======== GIVEN DATA

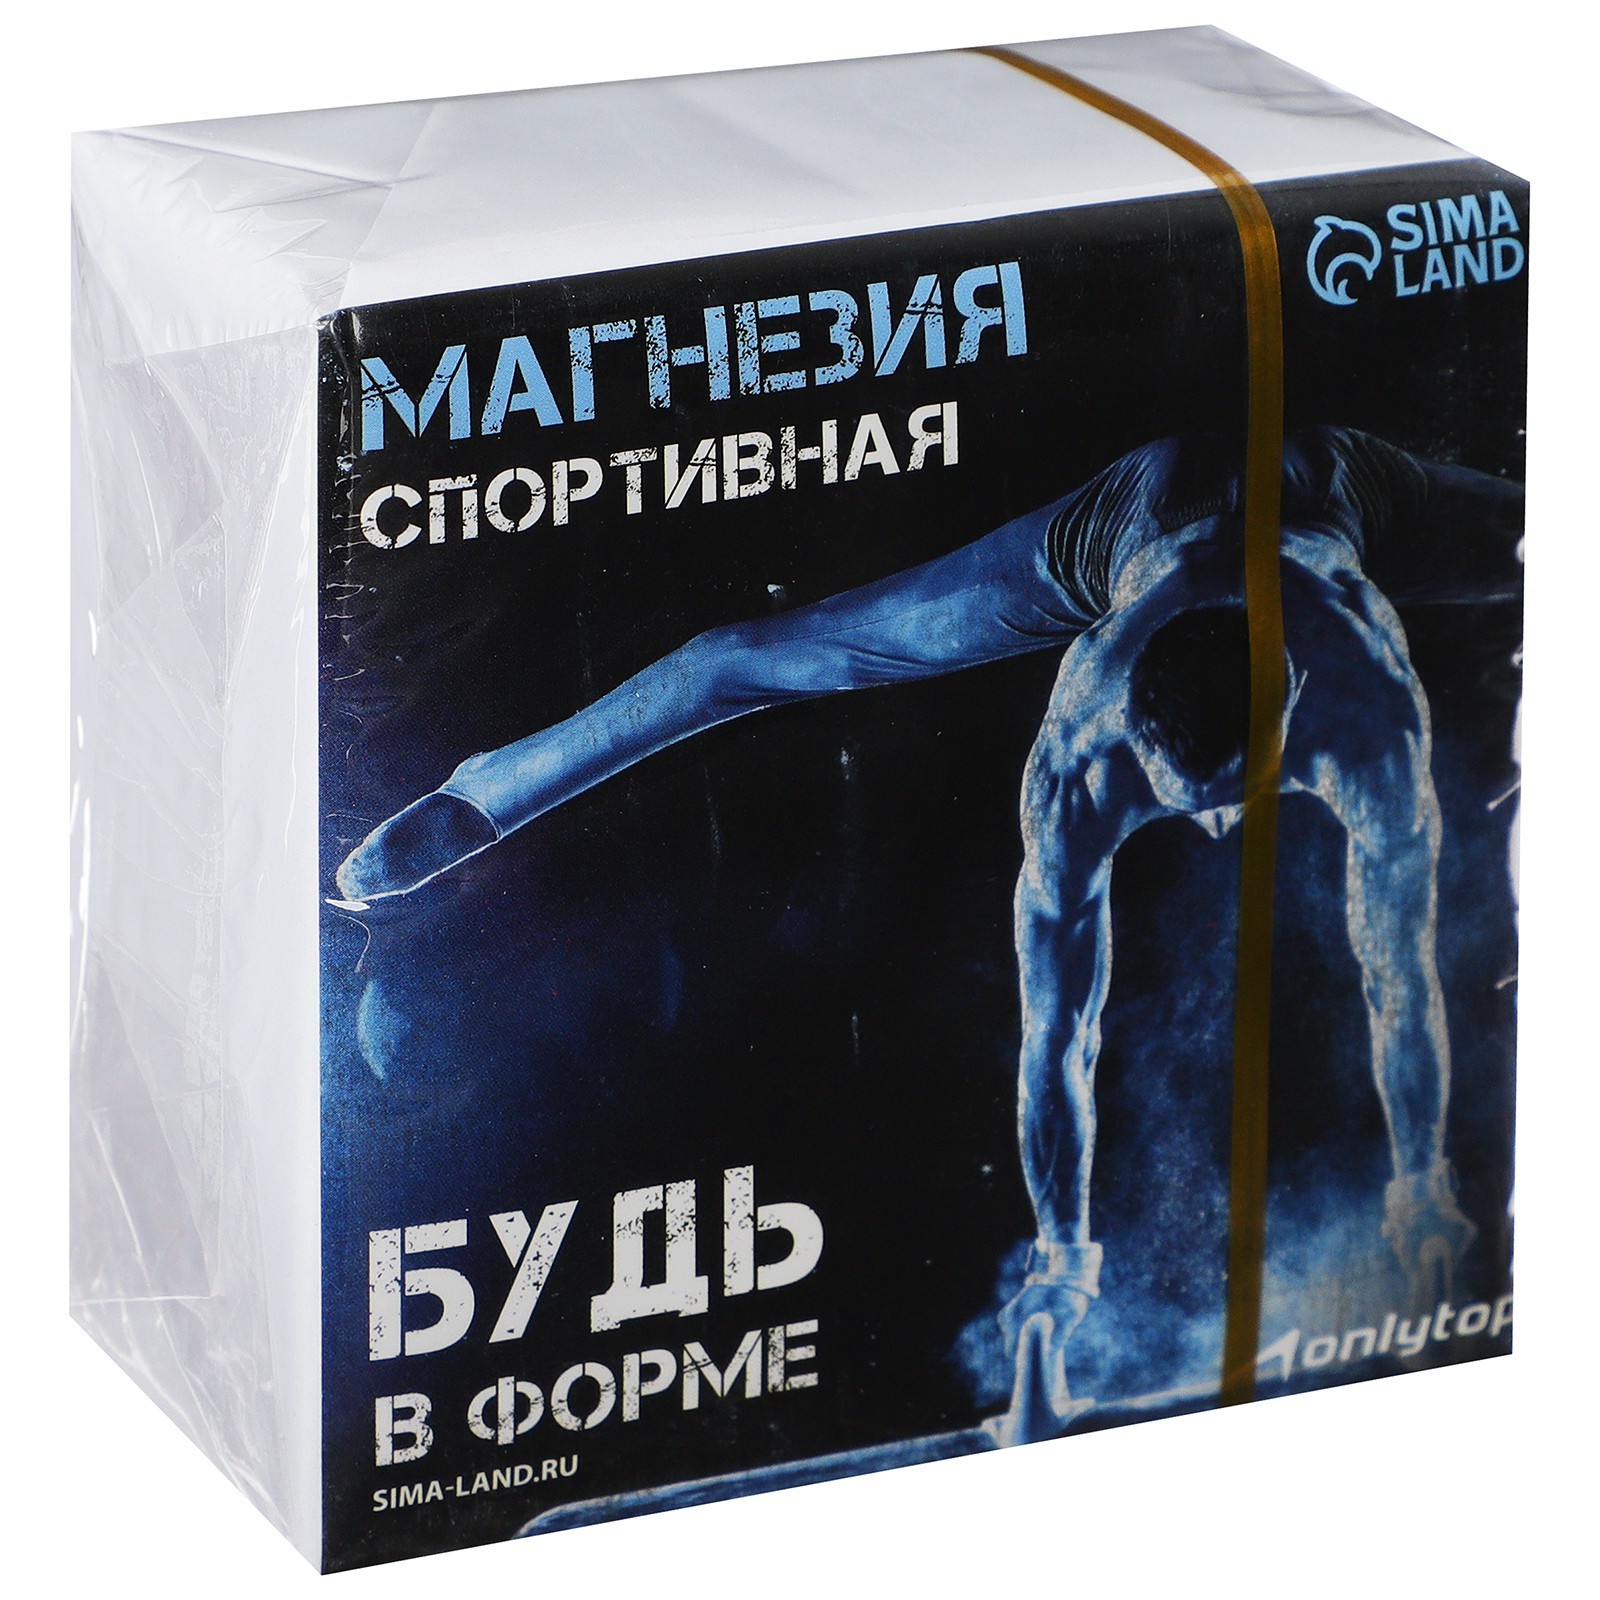 Купить магнезию в интернет магазине luchistii-sudak.ru
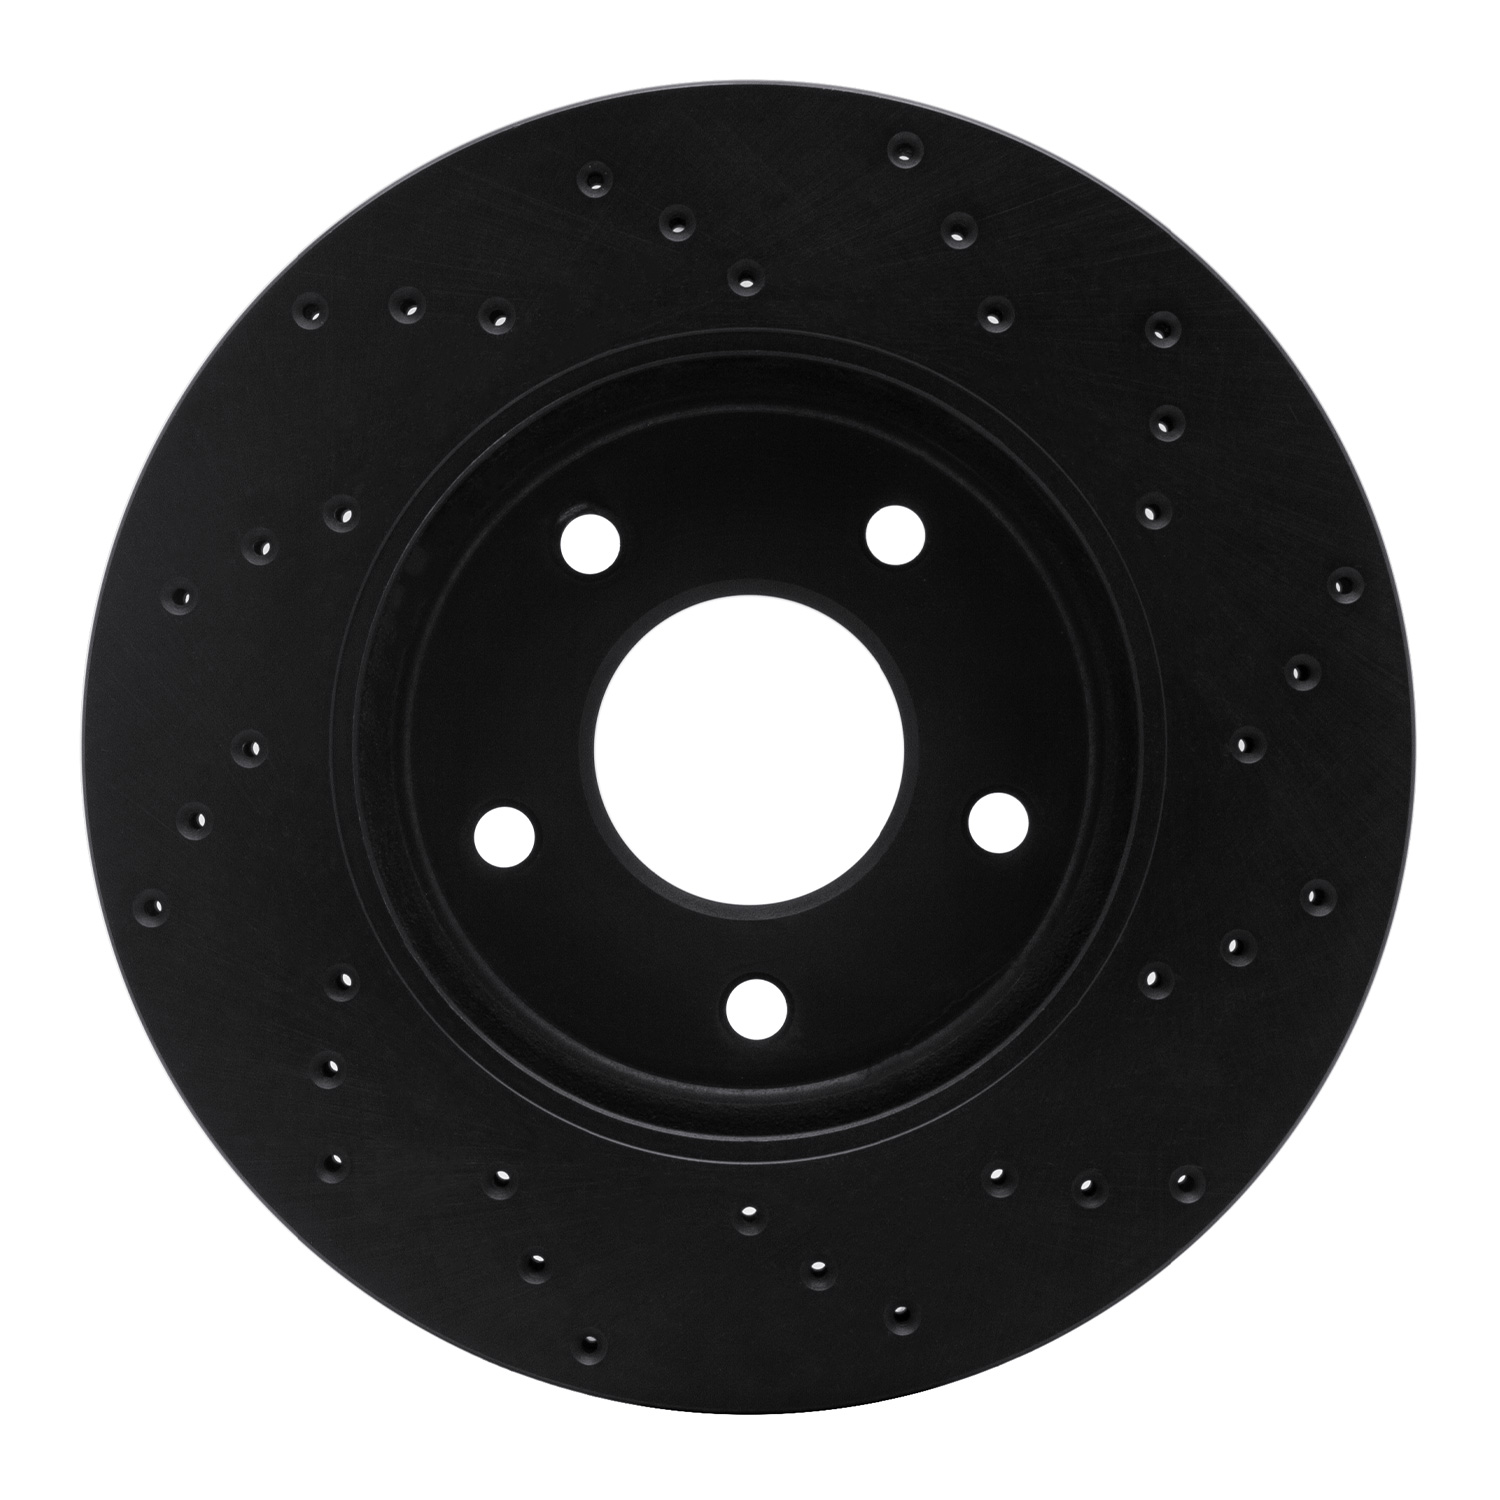 Drilled Brake Rotor [Black], Fits Select Multiple Makes/Models
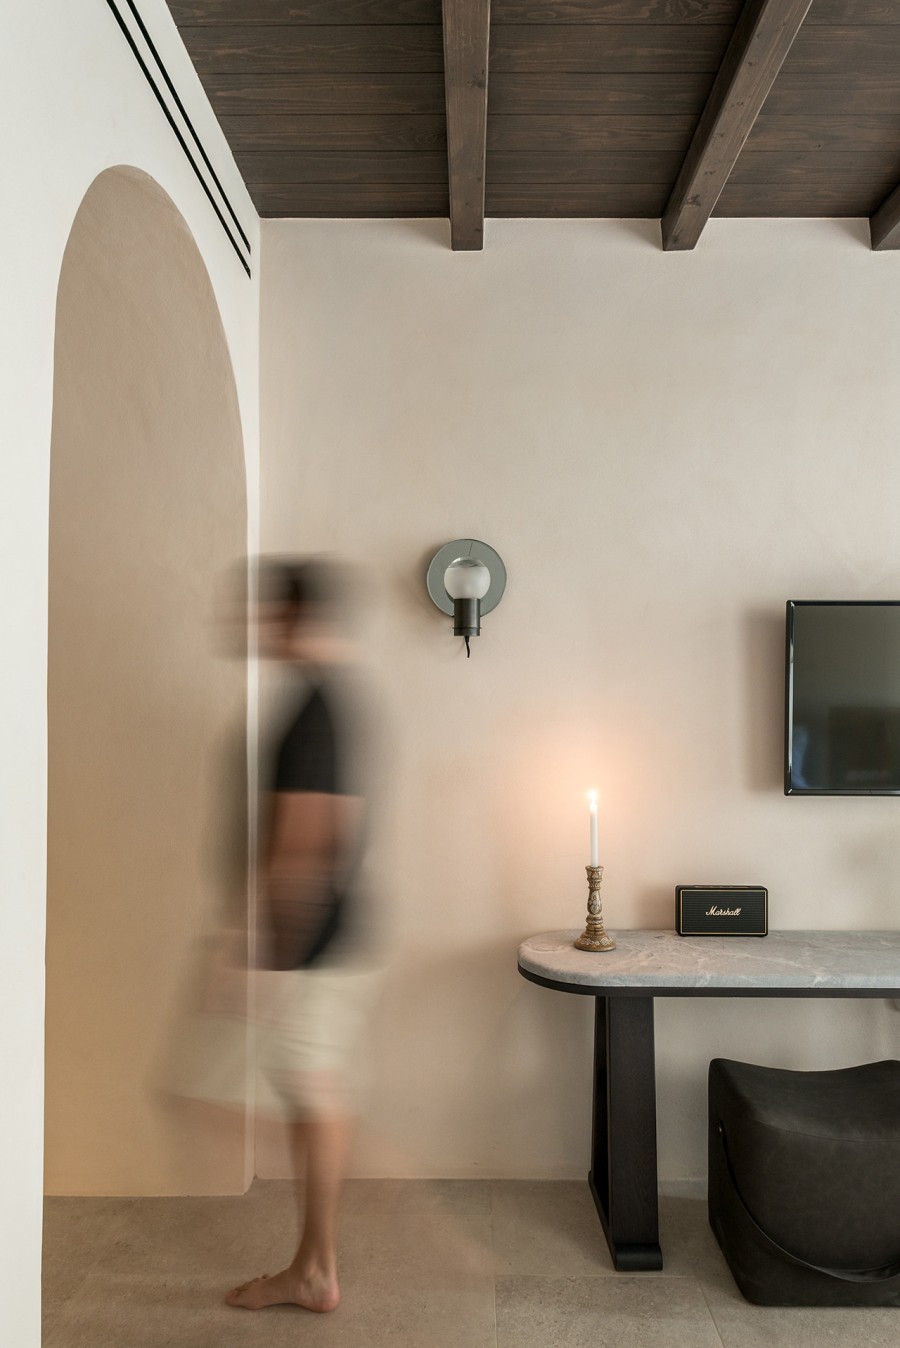 Οι αληθινές ιστορίες ανθρώπων εμπνέουν το νέο Ιstoria hotel στη Σαντορίνη- Φωτογραφία 8
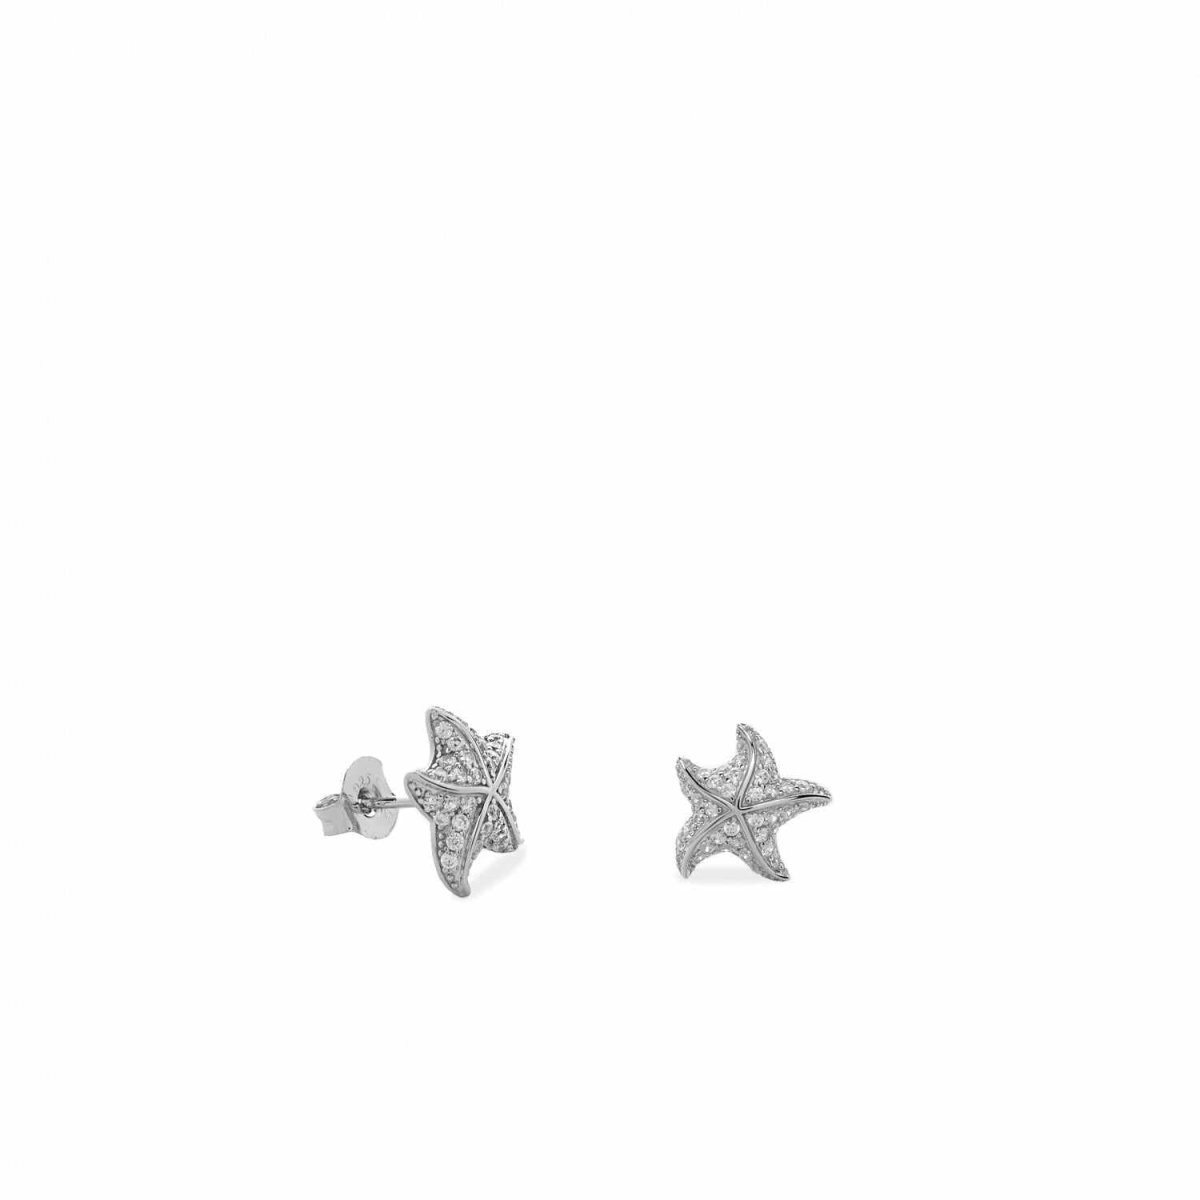 Pendiente · Pendientes pequeños de plata diseño estrella de mar con circonitas
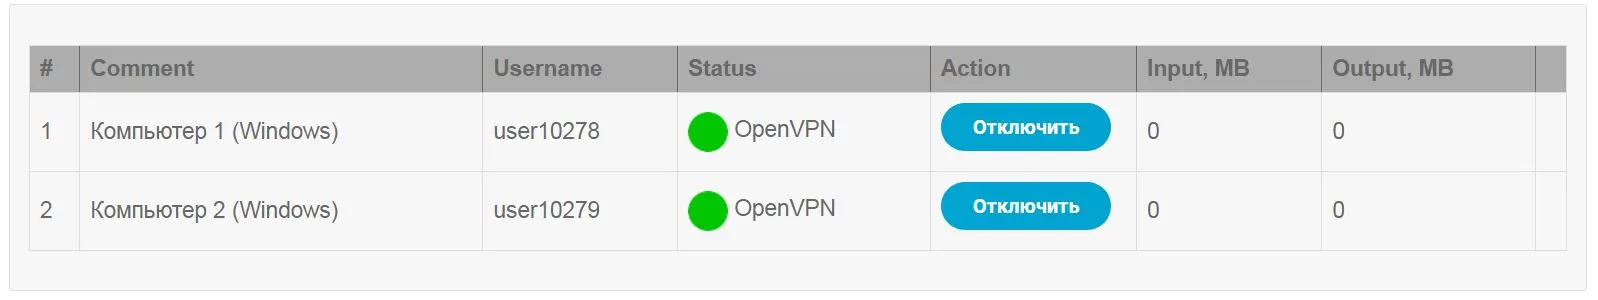 Статус VPN соединений VPNKI туннель

================

> **ABOUT THIS TASK**
Print out each record exactly as shown, but keep the pictures out.

> **RESPONSE BELOW**
 Купить магнезию в интернет магазине luchistii-sudak.ru
 Drilled Brake Rotor [Black], Fits Select Multiple Makes/Models
 Οι αληθινές ιστορίες ανθρώπων εμπνέουν το νέο Ιstoria hotel στη Σαντορίνη- Φωτογραφία 8
 Pendiente · Pendientes pequeños de plata diseño estrella de mar con circonitas
 Статус VPN соединений VPNKI туннель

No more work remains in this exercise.